Problem to solve:
Skip the pictures. Transcribe exactly the lines from the line containing "Healthy Lemon Cupcakes" to the end of the listing.

Given information:
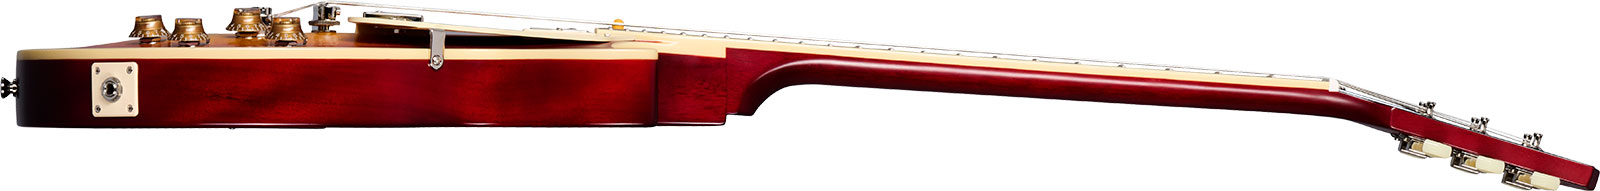 Epiphone 1959 Les Paul Standard Inspired By 2h Gibson Ht Lau - Vos Factory Burst - Single-Cut-E-Gitarre - Variation 2
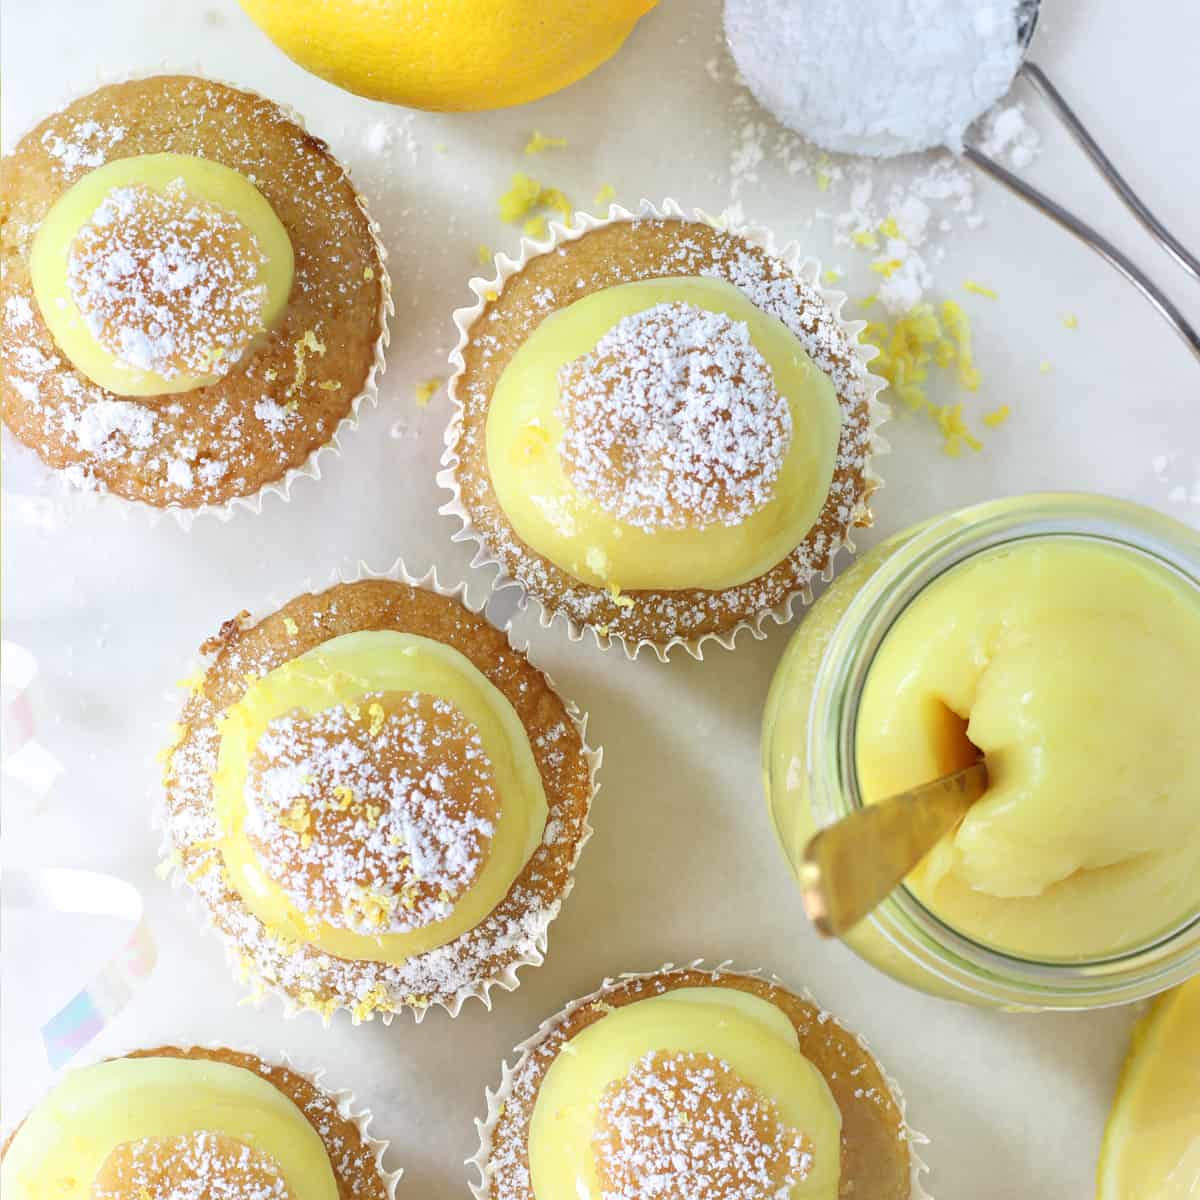 Healthy Lemon Cupcakes
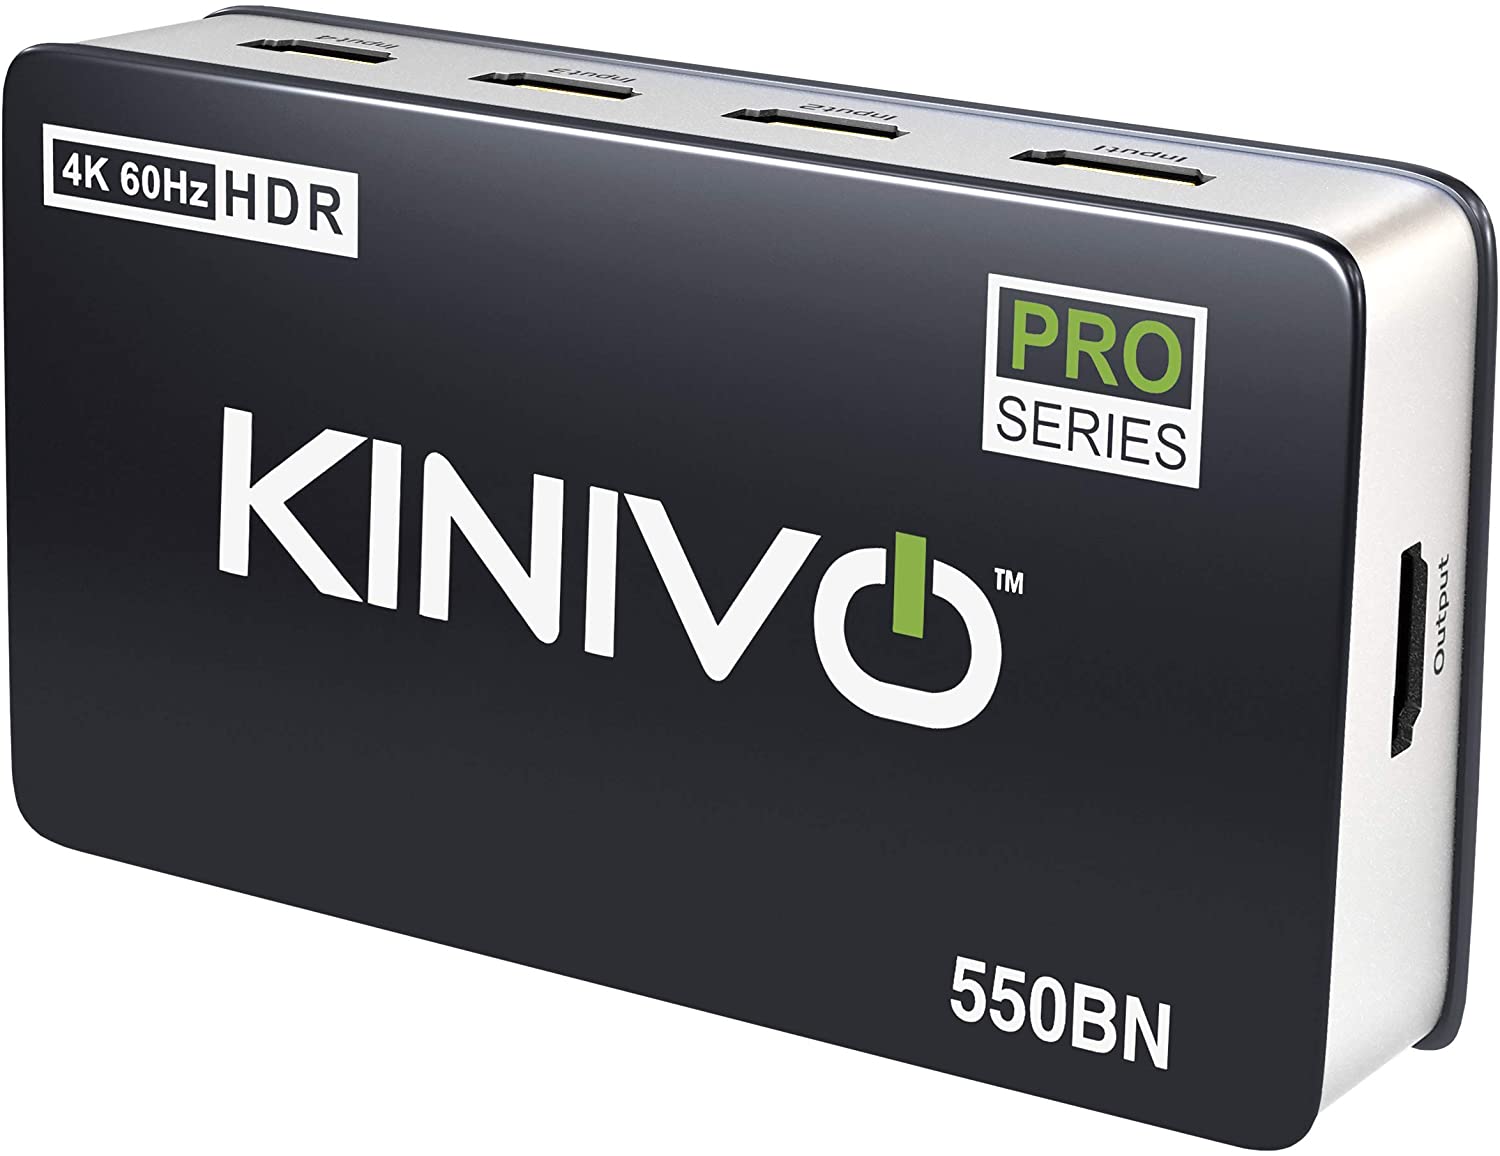 Kinivo 550BN 4K HDMI Automatic Switch With Remote, 5-Port
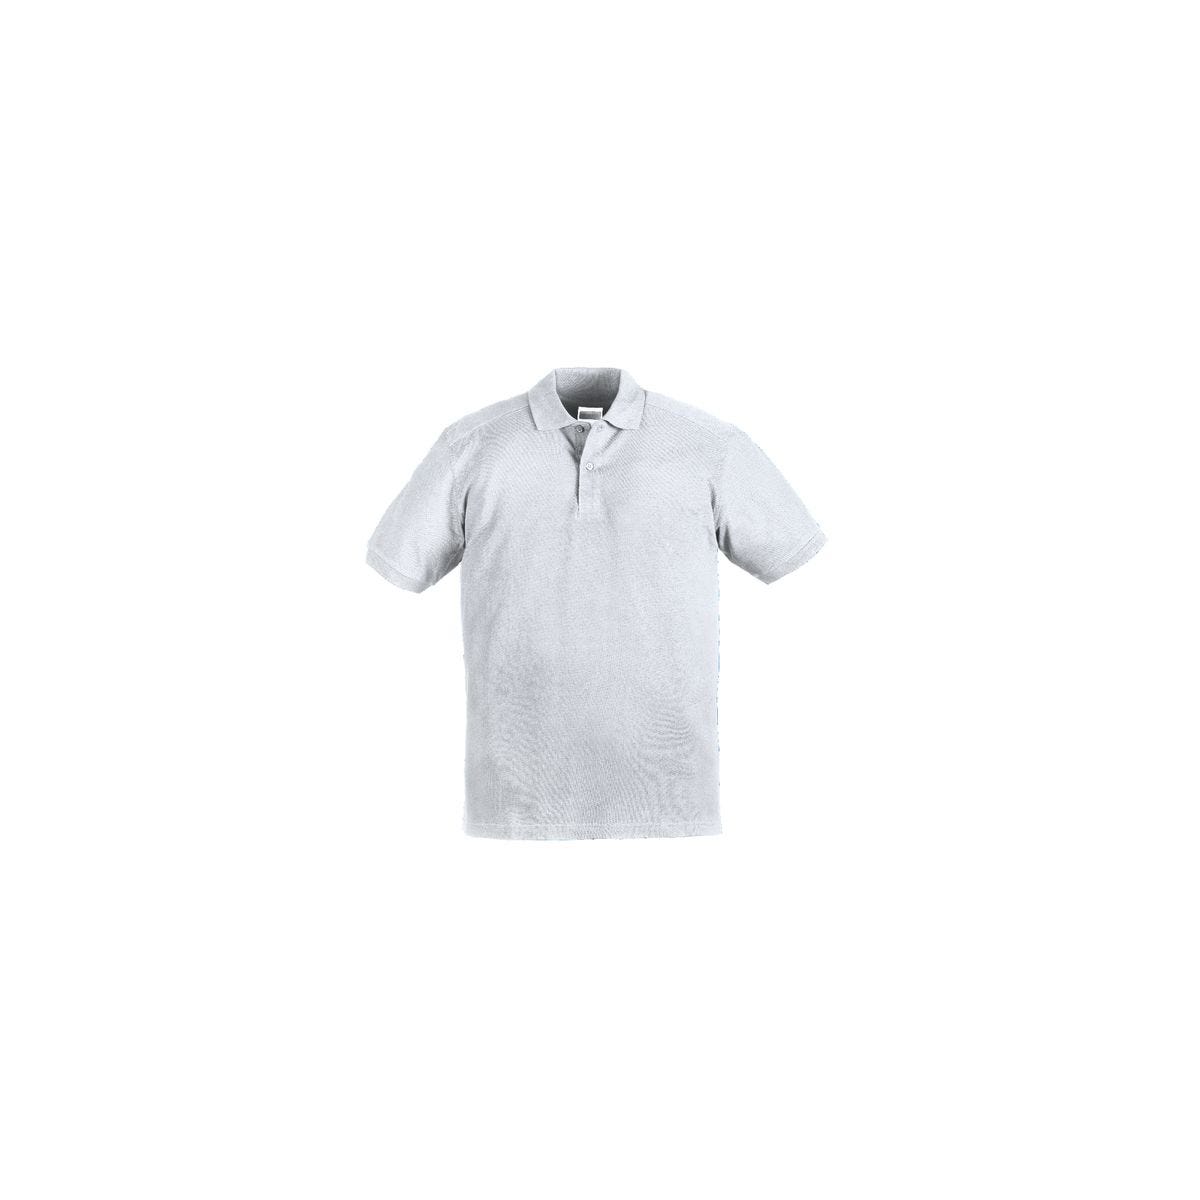 SAFARI Polo MC blanc, 100% coton, 220g/m² - COVERGUARD - Taille XL 0

Result of the task:
 Healthy Lemon Cupcakes
 Kinivo 550BN 4K HDMI Automatic Switch With Remote, 5-Port
 SAFARI Polo MC blanc, 100% coton, 220g/m² - COVERGUARD - Taille XL 0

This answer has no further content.